Jul. 8—CLAYTON, Mich. — A major fire on the outskirts of this tiny Lenawee County village burned 30 to 40 cows to death Monday afternoon and destroyed the building in which they were being milked.
But Danny Roe, Clayton Fire Department assistant chief, said it was admirable how quickly the community rallied to spare the lives of another 20 to 30 cows by moving them from the burning building onto trailers where they could be temporarily kept at other area farms.
"There were people there trying to get as many cows out safely as they could," he said. "That's all they could get."
No injuries were reported among farm employees or firefighters.
Hoffland Dairy, at 9510 Haley Rd., is in Dover Township, a couple miles southeast of Clayton, which during the 2010 census had only 344 residents — less than one quarter of the cow headcount at the dairy, which is one of southeast Michigan's many concentrated animal feeding operations.
Like many dairy CAFOs, Hoffland rotates its 1,600-head herd in shifts through a building known as the "milking house" to be mechanically milked.
Although Clayton fire investigators have tentatively listed the cause of the fire as undetermined, an electrical transformer blew just before Hoffland's milking house caught fire.
The subsequent power outage was when witnesses first noticed smoke and fire, Assistant Chief Roe said.
Investigators are trying to determine whether or not the fire was a direct result of the malfunctioning transformer, he said.
"When we got there, the building was on fire," Assistant Chief Roe said. "There was heavy fire, heavy smoke showing. In the part of the building we were fighting, the steel roof collapsed. All of our fighting was exterior."
The blaze was so big and ferocious it drew about 60 firefighters across eight departments.
In addition to the Clayton Fire Department, fire departments from Hudson, Morenci, and Addison, Mich., sent firefighters to the scene, as did Madison, Adrian, Raisin, and Cambridge townships.
An estimated 70,000 to 80,000 gallons of water were used, much of it drawn from nearby Hudson Lake.
The departments cited their mutual-aid pact as effective in multiple Facebook posts, suggesting the fire could have been a whole lot worse.
As it was, there was pretty impressive coordination among farmers to move surviving cows to safety as firefighters continued to battle the blaze for nearly five hours, Assistant Chief Roe said.

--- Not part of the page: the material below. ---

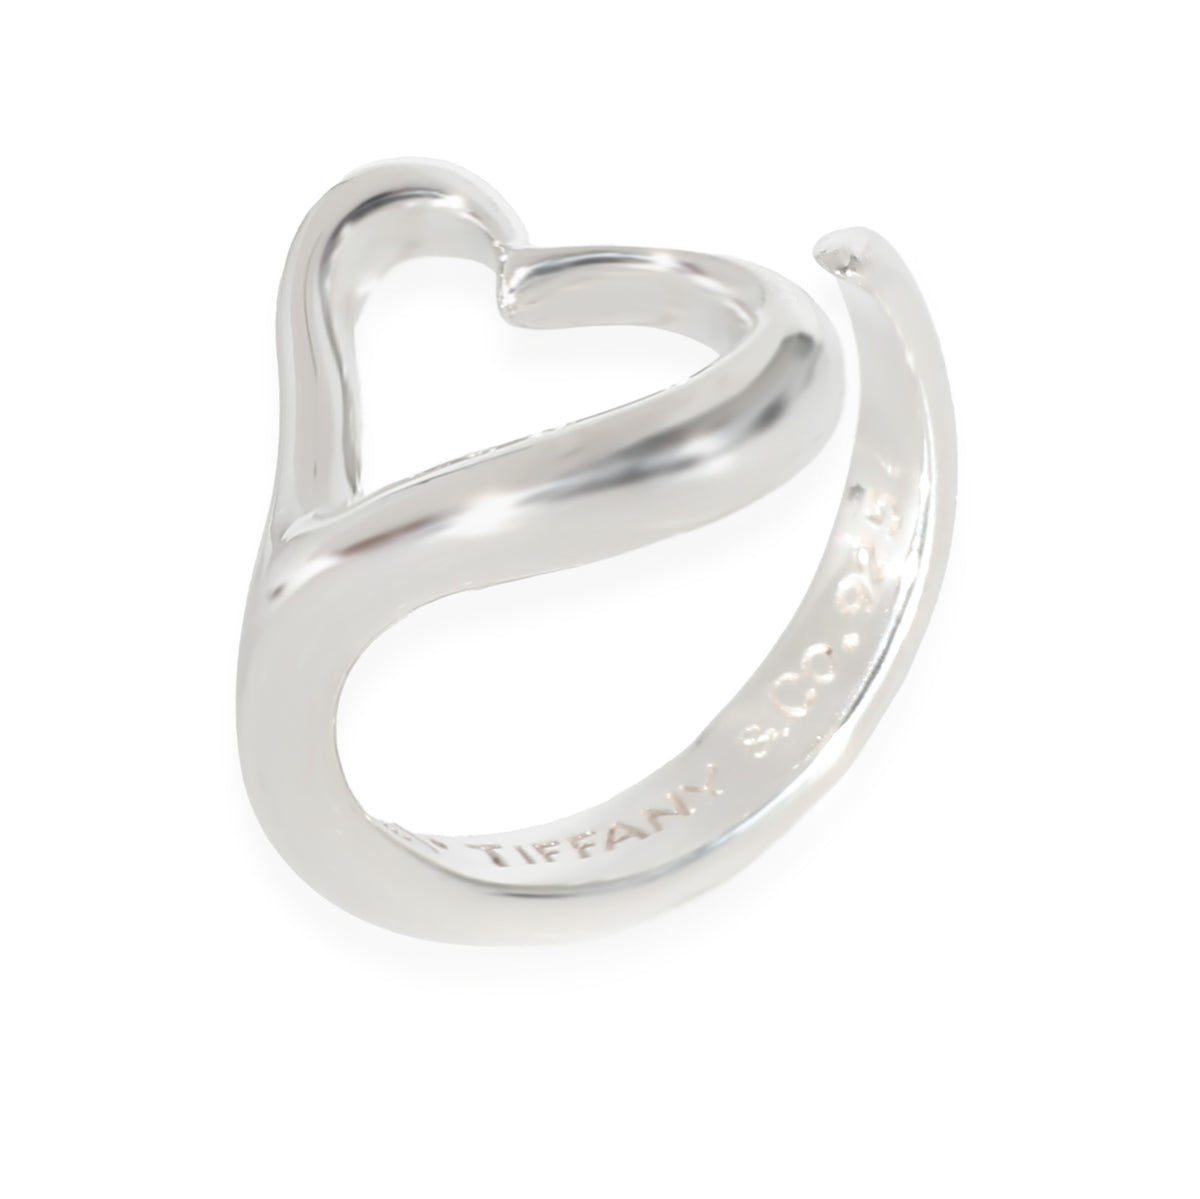 Elsa Peretti Open Heart Ring in Sterling Silver

"There was a lot of help from the farming community," he said. "There were semis after semis, and cow trailer after cow trailer coming. All of the farms in the area were taking as many as they could. It's cool how everybody came together to help them."
He said they cleared the scene at 5:43 p.m., nearly five hours after receiving a dispatcher's initial fire call at 12:49 p.m.
The fire did not spread beyond the milking house, and a damage estimate was not immediately available.
The dairy's owner, Luke Vanderhoff, could not be reached for comment.
The Michigan Department of Agriculture & Rural Development sent an inspector there Wednesday, said Jennifer Holton, the agency's communications director.
A Michigan Farm Bureau spokesman, Jonathon Adamy, said the state's milk production usually is strong enough to withstand such tragedies, but said he would attempt to provide more specific comment later.